Нечистая сила" (М, Воениздат, 1990, стр. 579-580). Не правда ли, кое-что напоминает?"Было очень холодно, на перекрестках полыхали костры. Толпы студентов и прапорщиков распевали "Марсельезу", а голодные в очередях кричали: "Хлеба!.." Если хочешь иметь хлеб, возьми ведро, пробей гвоздем в днище его дырки, насыпь горячих углей и с этим ведром ступай вечерком стоять в очереди. Ты, голубь, на ведро сядь, и снизу тебя, драгоценного, будет припекать. Так пройдет ночь, так наступит утро. Если хлеб подвезут, ты его получишь... "Хвосты" превращались в митинги11.

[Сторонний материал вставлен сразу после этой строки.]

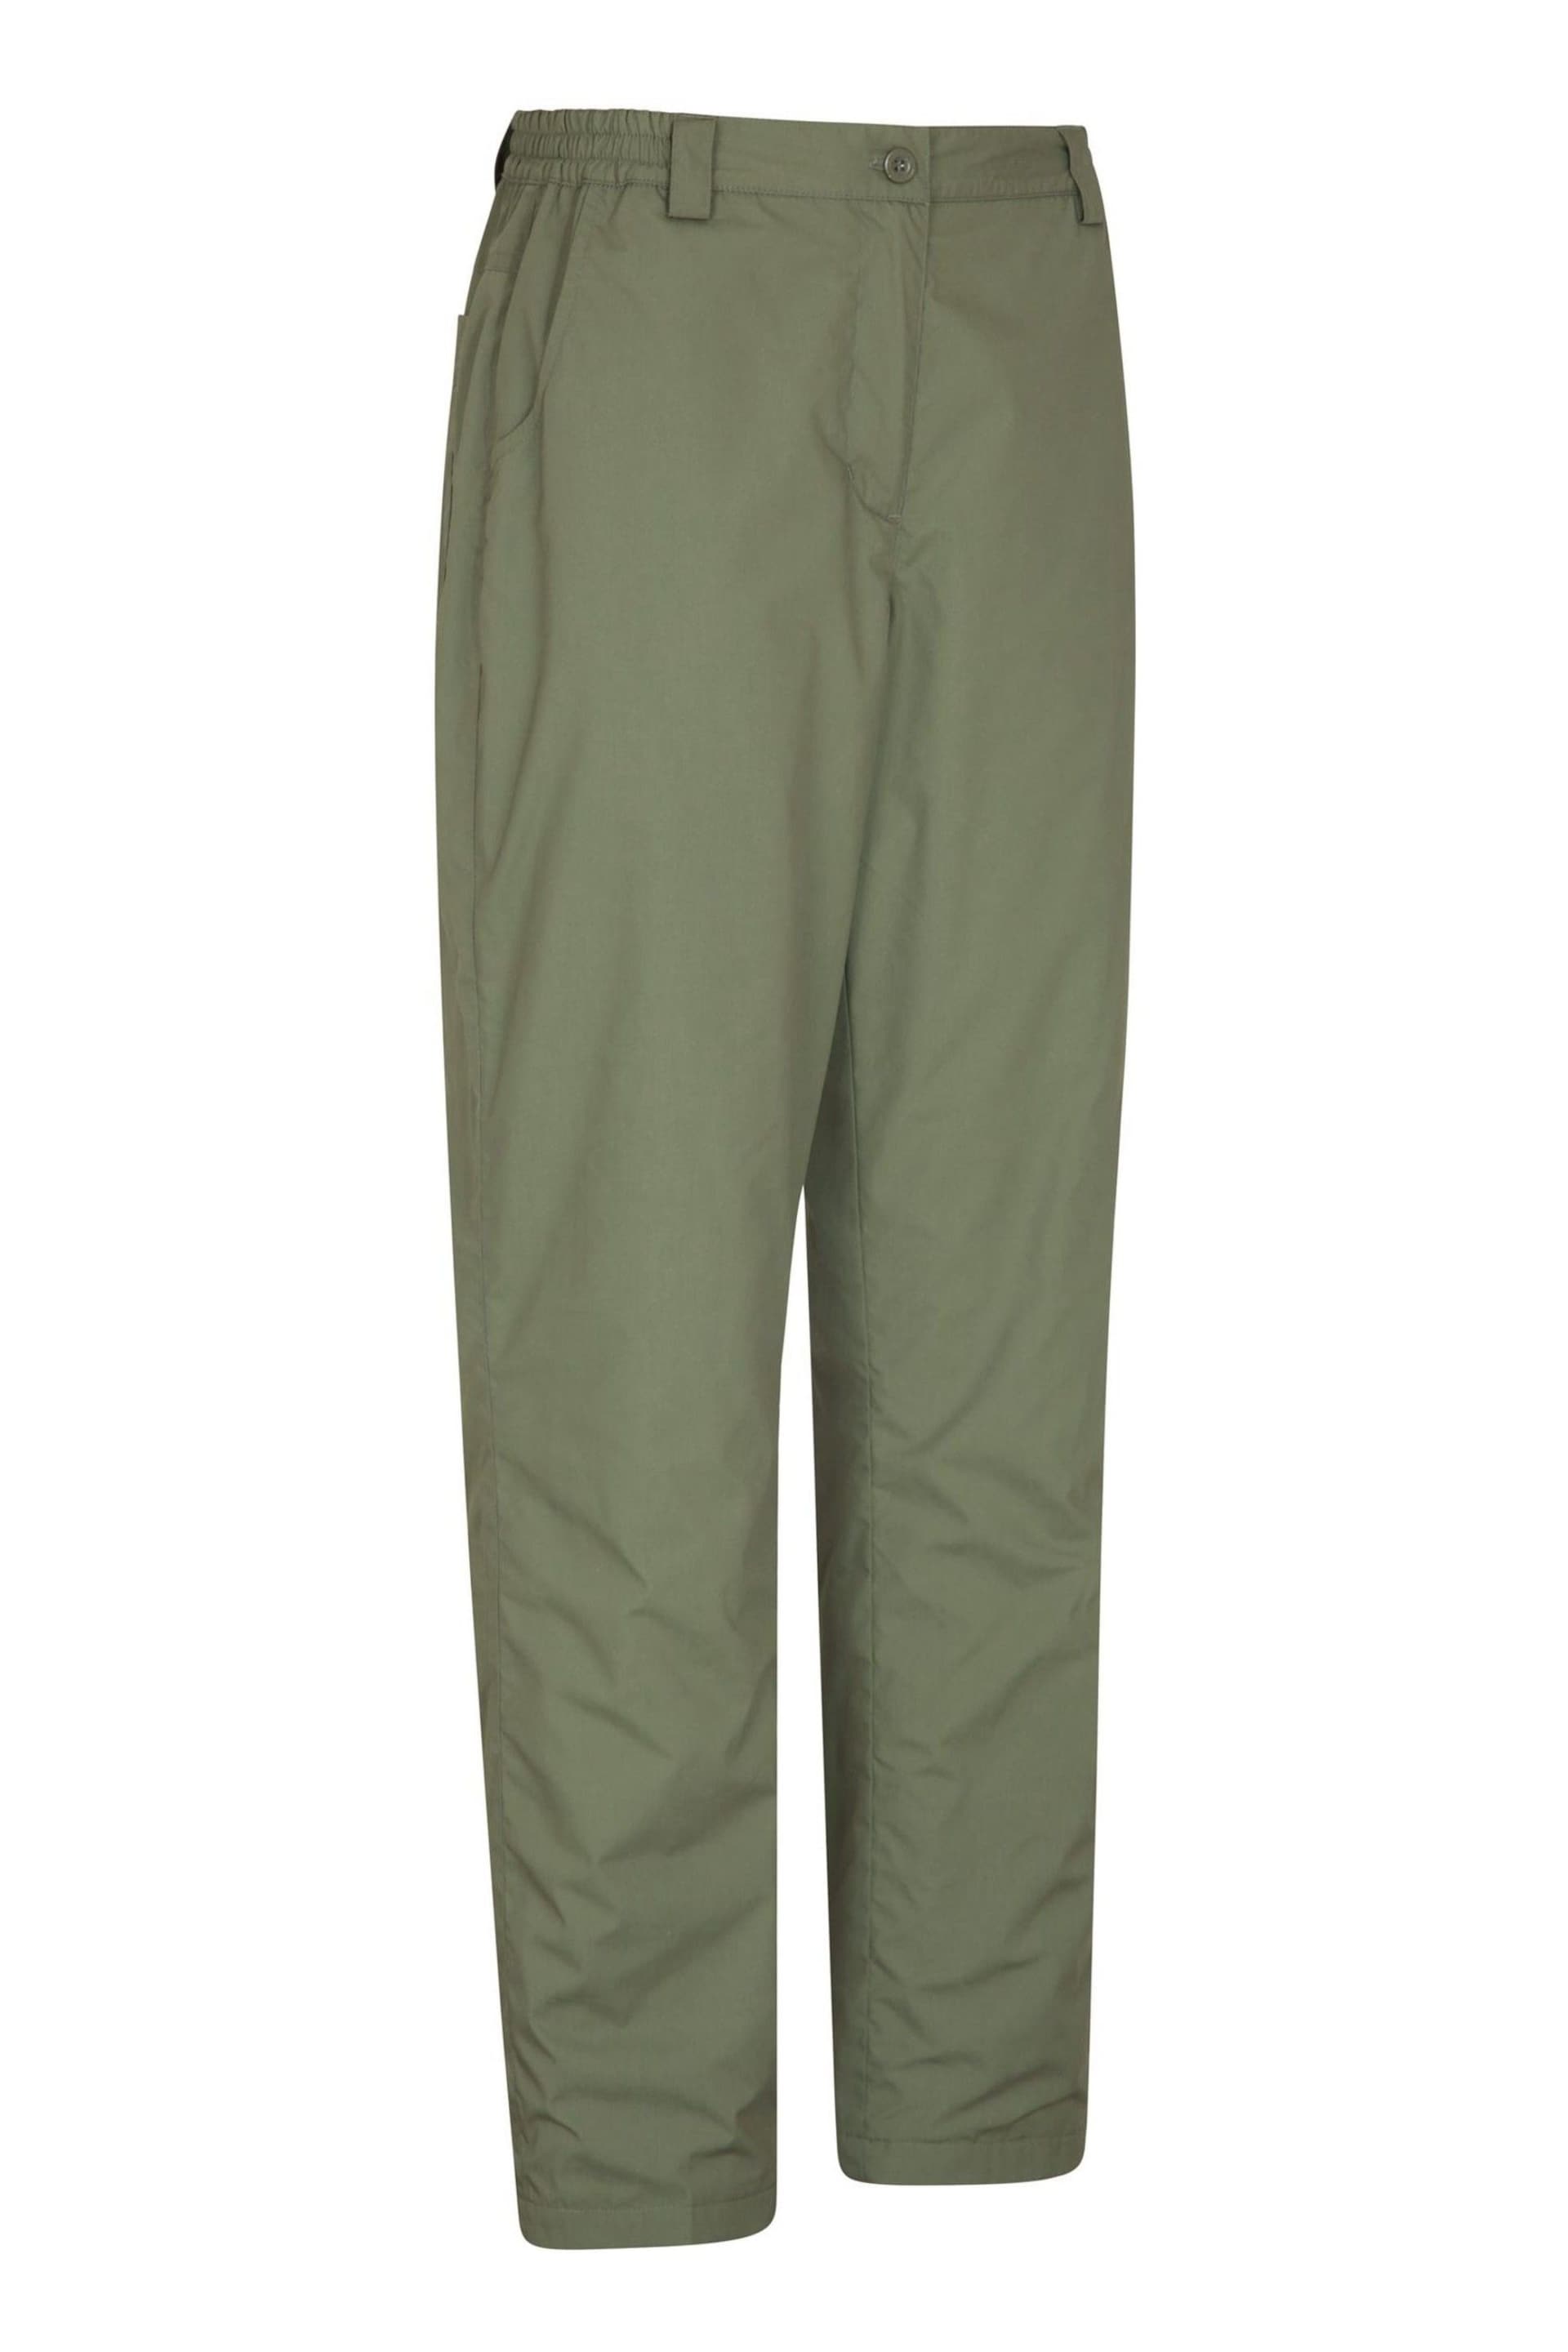 Mountain Warehouse Khaki Green Winter Trek Ii Womens Short Length Trousers - Image 2 of 5
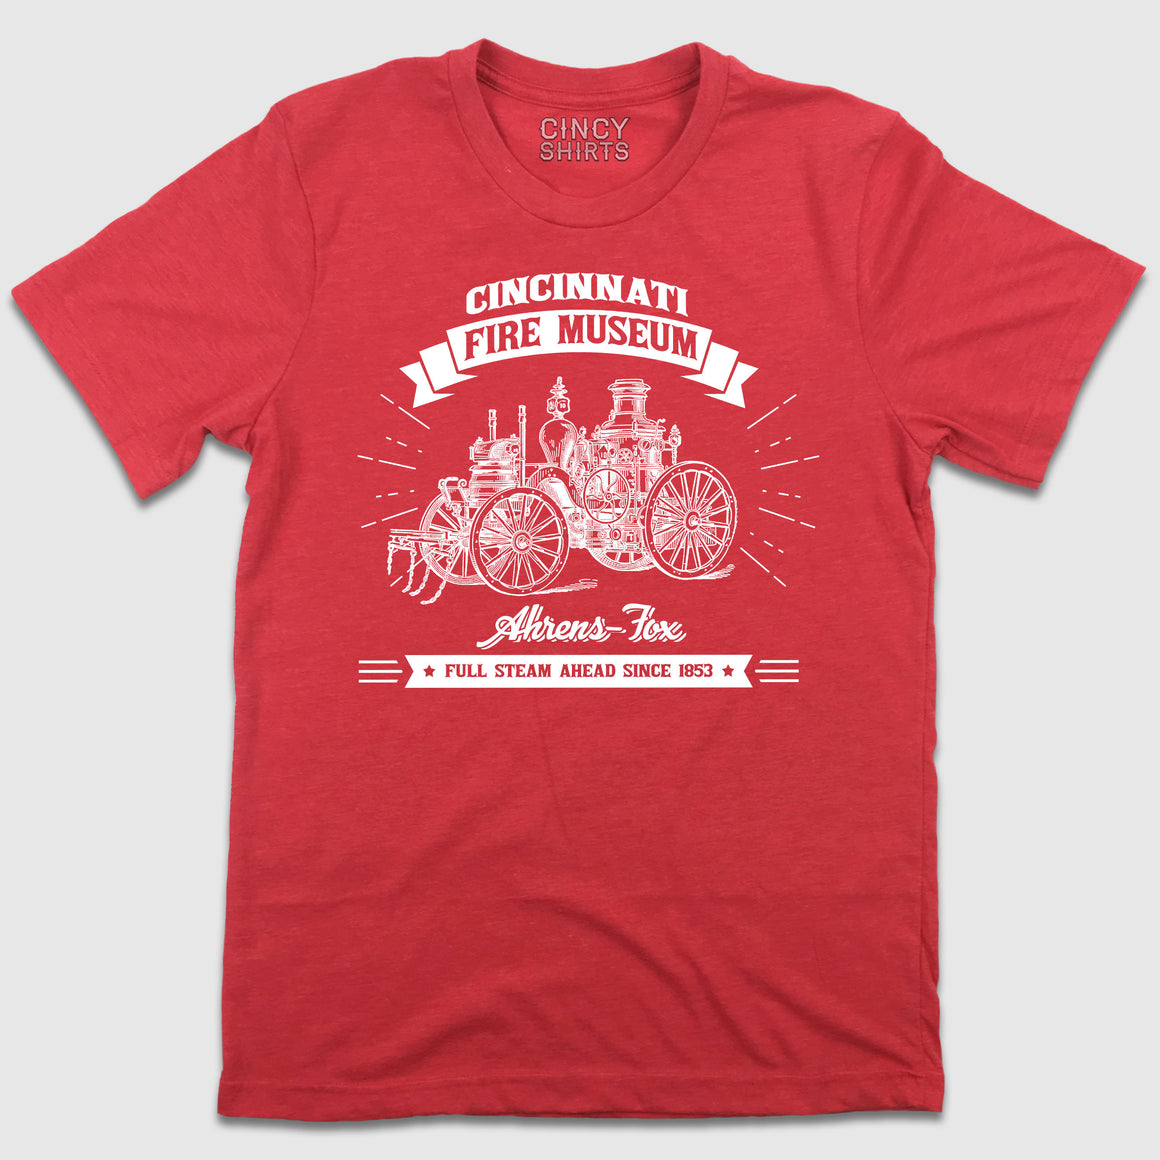 Cincinnati Fire Museum - Cincy Shirts

Изысканный нюх жандармов точно установил, что выкрики голодных женщин идейно смыкаются с призывами большевистских прокламаций. Костры горели, а громадные сугробы снега никем не убирались.
Родзянко с трудом умолил государя об аудиенции. Получил ее. Жена Родзянки, со слов мужа, описала царя: "Резкий, вызывающий тон, вид решительный, бодрый и злые, блестящие глаза..." Во время доклада председатель Думы был прерван возгласом:
- Нельзя ли короче? Меня ждут пить чай. А все, что следует мне знать, я уже давно знаю. Кстати, знаю лучше вас! Родзянко с достоинством поклонился.
- Ваше величество, меня гнетет предчувствие, что эта аудиенция была моей последней аудиенцией перед вами...
Николай II ничего не ответил и отправился пить чай. Родзянко, оскорбленный, собирал свои бумаги. Доклад вышел скомканный. На листы его доношений капнула сердитая старческая слеза...
А рабочие-путиловцы с трудом добились аудиенции у Керенского. Они предупредили его, что Путиловский бастует и забастовка их может стать основой для потрясений страны. Потрясения будут грандиозны, ни с чем ранее не сравнимы... Керенский их не понял, а ведь они оказались пророками!
23 февраля работницы вышли из цехов, и заводы остановились. "На улицу!
Верните мужей из окопов! Долой войну! Долой царя!" К женщинам примкнули и мужчины... Керенский выступал в Думе.
- Масса - стихия, разум ее затемнен желанием погрызть корку черного хлеба. Массой движет острая ненависть ко всему, что мешает ей насытиться...
Пришло время бороться, дабы безумие голодных масс не погубило наше государство!
К рабочим колоннам присоединились студенты, офицерство, интеллигенция, мелкие чиновники. Городовых стали разоружать. Их били, и они стали бояться носить свою форму. Вечером 25 февраля, когда на улицах уже постреливали, ярко горели огни Александрийского театра: шла премьера лермонтовского "Маскарада". В последнем акте зловеще прозвучала панихида по Нине, отравленной Арбениным. Через всю сцену прошла белая согбенная фигура.
Публика в театре не догадывалась, что призрак Нины, уходящей за кулисы, словно призрак смерти, предвещал конец всему.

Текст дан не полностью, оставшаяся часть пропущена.